(0) Obligation:
Q restricted rewrite system:
The TRS R consists of the following rules:
c(c(c(a(x)))) → d(d(x))
d(b(x)) → c(c(x))
b(c(x)) → b(a(c(x)))
c(x) → a(a(x))
d(x) → b(c(x))
Q is empty.
(1) QTRS Reverse (EQUIVALENT transformation)
We applied the QTRS Reverse Processor [REVERSE].
(2) Obligation:
Q restricted rewrite system:
The TRS R consists of the following rules:
a(c(c(c(x)))) → d(d(x))
b(d(x)) → c(c(x))
c(b(x)) → c(a(b(x)))
c(x) → a(a(x))
d(x) → c(b(x))
Q is empty.
(3) QTRSRRRProof (EQUIVALENT transformation)
Used ordering:
Polynomial interpretation [POLO]:
POL(a(x1)) = x1
POL(b(x1)) = 1 + x1
POL(c(x1)) = 2 + x1
POL(d(x1)) = 3 + x1
With this ordering the following rules can be removed by the rule removal processor [LPAR04] because they are oriented strictly:
c(x) → a(a(x))
(4) Obligation:
Q restricted rewrite system:
The TRS R consists of the following rules:
a(c(c(c(x)))) → d(d(x))
b(d(x)) → c(c(x))
c(b(x)) → c(a(b(x)))
d(x) → c(b(x))
Q is empty.
(5) DependencyPairsProof (EQUIVALENT transformation)
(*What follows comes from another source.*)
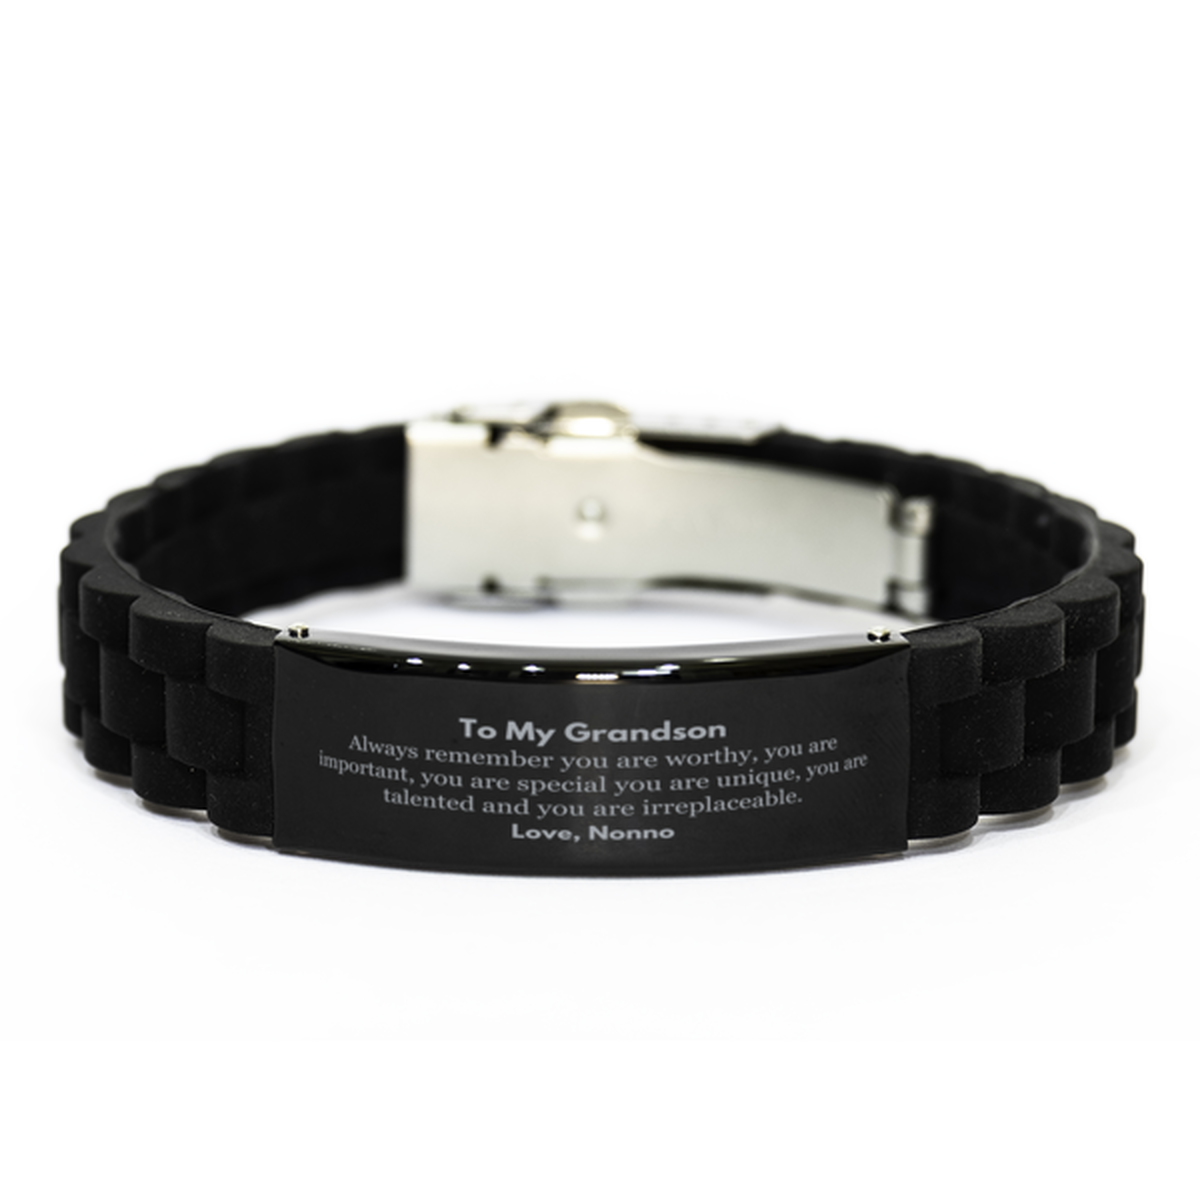 Grandson Birthday Gifts from Nonno, Inspirational Black Glidelock Clasp Bracelet for Grandson Christmas Graduation Gifts for Grandson Always remember you are worthy, you are important. Love, Nonno

Using Dependency Pairs [AG00,LPAR04] we result in the following initial DP problem.
(6) Obligation:
Q DP problem:
The TRS P consists of the following rules:
A(c(c(c(x)))) → D(d(x))
A(c(c(c(x)))) → D(x)
B(d(x)) → C(c(x))
B(d(x)) → C(x)
C(b(x)) → C(a(b(x)))
C(b(x)) → A(b(x))
D(x) → C(b(x))
D(x) → B(x)
The TRS R consists of the following rules:
a(c(c(c(x)))) → d(d(x))
b(d(x)) → c(c(x))
c(b(x)) → c(a(b(x)))
d(x) → c(b(x))
Q is empty.
We have to consider all minimal (P,Q,R)-chains.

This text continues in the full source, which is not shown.